As the glass of the soon-to-be butterfly marble becomes pliable at about 1,500 degrees, Hewitt adds color by "drawing" lines and dots that will become the butterfly body, wings and antennae with thin, colored-glass rods.

"That's how it starts, just lines and dots," Hewitt said. The angle at which the glass is heated is a key to successful glassblowing. "You actually let gravity work as your tool. So I'll let the outside glass, the clear, wrap around the color. By doing that; it makes it three-dimensional."

Many of the marbles the 2001 Greenbrier High School graduate creates end up flattened on the bottom and attached to a wine bottle stopper base. The wine bottle stoppers are Hewitt's most popular sellers at local art festivals including Arts in the Heart of Augusta and other events where he sells his wares.

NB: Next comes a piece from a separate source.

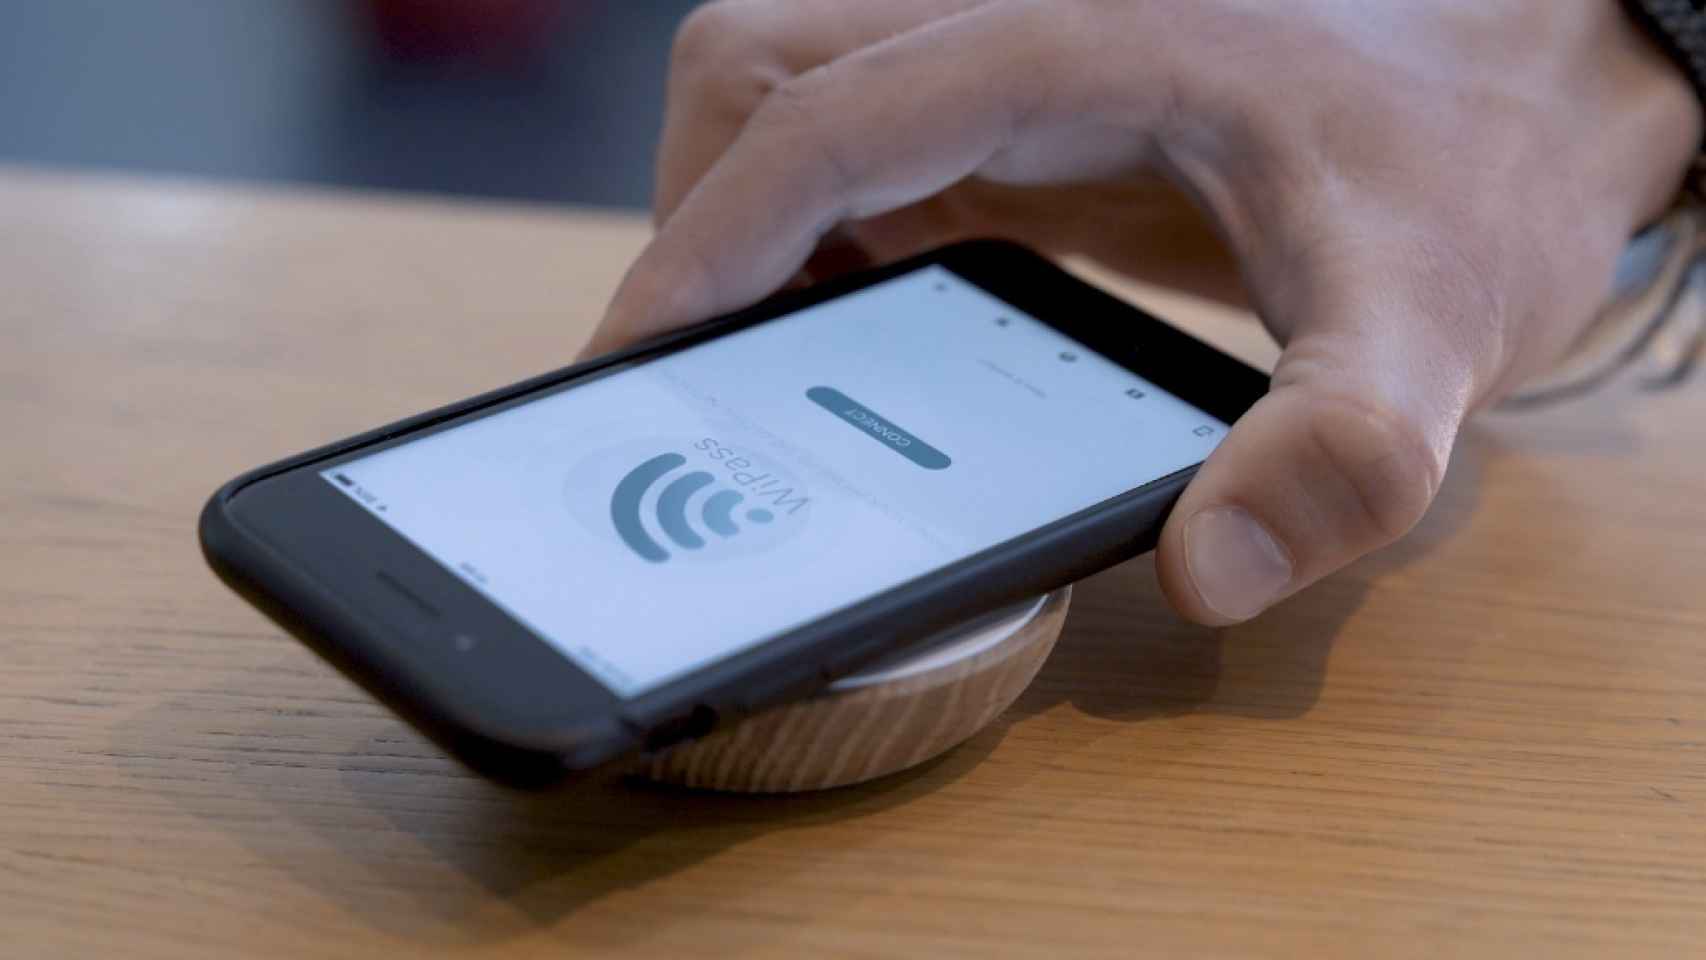 La tecnología de Wipass facilitar obtener wifi sin contraseñas con sólo acercar el móvil al dispositivo.

Glassblowing came out of nowhere for Hewitt, who said he actually did wake up one morning and decide he wanted to work with glass. He stumbled on the art form three years ago while finishing an electronics degree at Augusta Technical College.

Hewitt said he watched a few videos and shows about glassblowing, spent many hours researching in on the Internet and called store owners for advice about equipment..

"I still have some more stuff I could learn," Hewitt said. "Every day I learn something new. I've talked to folks who have been blowing glass for 10 years and they tell me the same thing."

Though the size of his torch limits the size of his work, Hewitt said he doesn't do much actual glass blowing. He enjoys giving demonstrations with the torch to show people not all glassblowing is done by three-man teams working furnaces and a 15-foot-long pole.

Despite his artistic history in which he dabbled in drawing, painting, pottery and woodworking, Hewitt said he never saw himself as the stereotypical starving artist.

"I never wanted to be (an artist)," Hewitt said. "I do want to be now. I love it. I definitely never planned on it. I had big plans of a corporate job or the medical field or something. Not this. Definitely not this. And I would have it no other way at this point."

Hewitt said he plans to open a store by the end of 2008 with more equipment and more trained glass blowers so he "doesn't have to always be the only one in the fire."

At festivals and shows, Hewitt said people are always fascinated by the glass-blowing process and tell him he is talented for the skill he learned and honed.

"But it is learned," said Hewitt, who spends long hours at the torch. "It is like reading Chinese. If I gave you Chinese right now, you wouldn't have a clue what to do with it. But if you study it for three years, you are going to be reading that stuff like it was English."